リビングに行くと、ジュンは本当に嵐のように激しいテンペストを弾いていた。ジュンの心のなかにある怒りと悲しみが生々しく表出されている、聞いていてもちょっと心が痛くなるような演奏だった。それでも私はその演奏から耳をはなすことができなかった。テンペストの演奏が終わると、ジュンは私が聞いていたのを知って、少し恥ずかしそうな顔をした。
ジュン「変な演奏聴かれちゃったね・・・」
私「荒削りだけど、とうさんの心の奥まで大きなトゲで突き刺された感じ・・・」
ジュン「とうさんにはなんでも見抜かれちゃうもんね・・・」
私「少しは落ち着いたか?」
ジュン「まあね・・・」
その後、私たちはそれぞれ自分のことをして、1時前頃ににベッドに横になった。
ジュン「ねえねえ、とうさん・・・」
私「なんだい、ジュン。」
ジュン「とうさんはあの女の人みたいにオレのこと捨てないよね・・・」
私「なにわけのわからないこと言ってるんだよ、ジュン・・・」
ジュン「だって最近、あんまりオレにスキンシップしてくれないし、お風呂もいっしょに入ることが少なくなったし・・・ とうさん、オレのこといらなくなっちゃった?」
私「バ~カ、そんなわけあるわけだいだろうが・・・」
ジュン「じゃあどうしてだよ・・・」
私「ジュンも成人したことだし、あんまり子供みたいに扱うのもどうかなと思ってさ・・・」
ジュン「前みたいなほうがオレはうれしいけどね・・・」
私「でもさ、あんまりジュンのことをかまいすぎて、ジュンに鬱陶しく思われるのもいやだし・・・」
ジュン「オレはとうさんにいくらかまってもらってもいいけどね・・・」
私「それに今はこうやっていっしょに住んでいられるけど、ジュンもそのうち結婚するだろう、その時急にジュンを手放すのはあまりにもさみしいんで、少しずつ慣らしていこうかなと思ってるんだけどね・・・」
ジュン「オレはもしも結婚してもとうさんと同居するつもりだし、それならずっといっしょにお風呂入ったり、たまにはとうさんのベッドで一緒に寝たりできるできるじゃん。

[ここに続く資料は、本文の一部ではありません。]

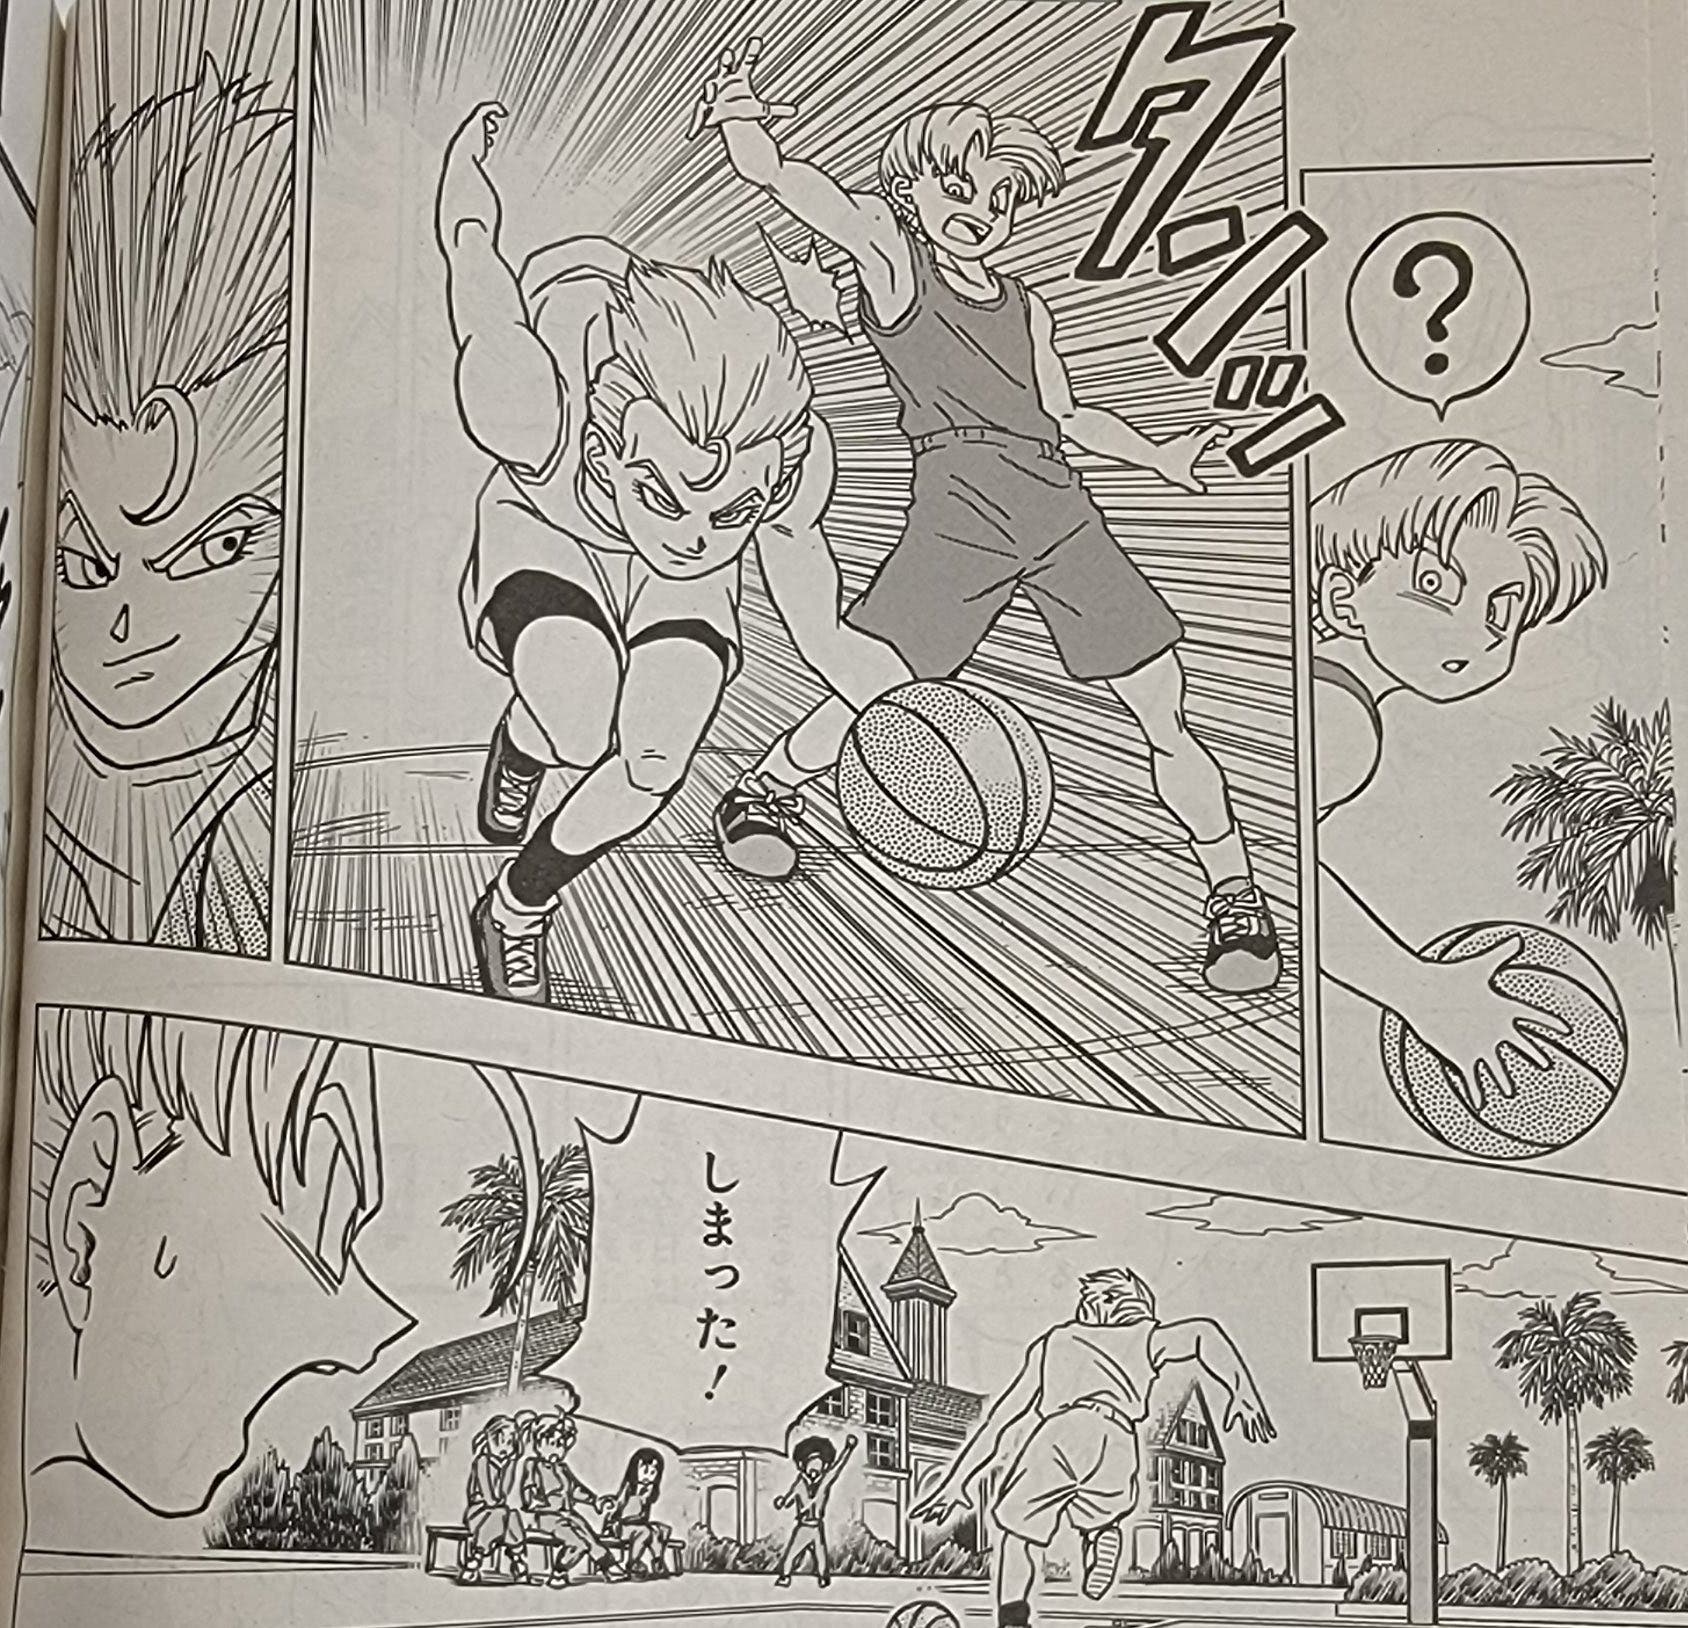 Dragon Ball Super (manga) – Capítulo 89 – DB UNIVERSO

」
私「そんなことしたら、お嫁さんに嫌われるぞ。」
ジュン「そういうことを認めてくれる相手を探すから大丈夫・・・」
私「そんなにうまく探せるか?」
ジュン「オレだって、俊顕ほどじゃないけど、お婿さんとしてはそれなりにポイント高いと思うよ。」
私「それはそうだけど、変なのにつかまるなよ。」
ジュン「とうさん、今から心配するなよ。」
私「そうだな・・・」
ジュン「とうさん、寝るまでオレをかるくハグしててよ。」
私「もう甘えて・・・」
ジュン「とうさんがいちばん好きだよ・・・」
私「とうさんもだよ・・・」
ジュン「良かった・・・」
私の腕の中でジュンは安心したように眠り始めた。私はジュンの顔を見ながら幸せな気分でいっぱいになっていた。そしてしばらく私のほうは子離れができそうにないなと思ったのだった。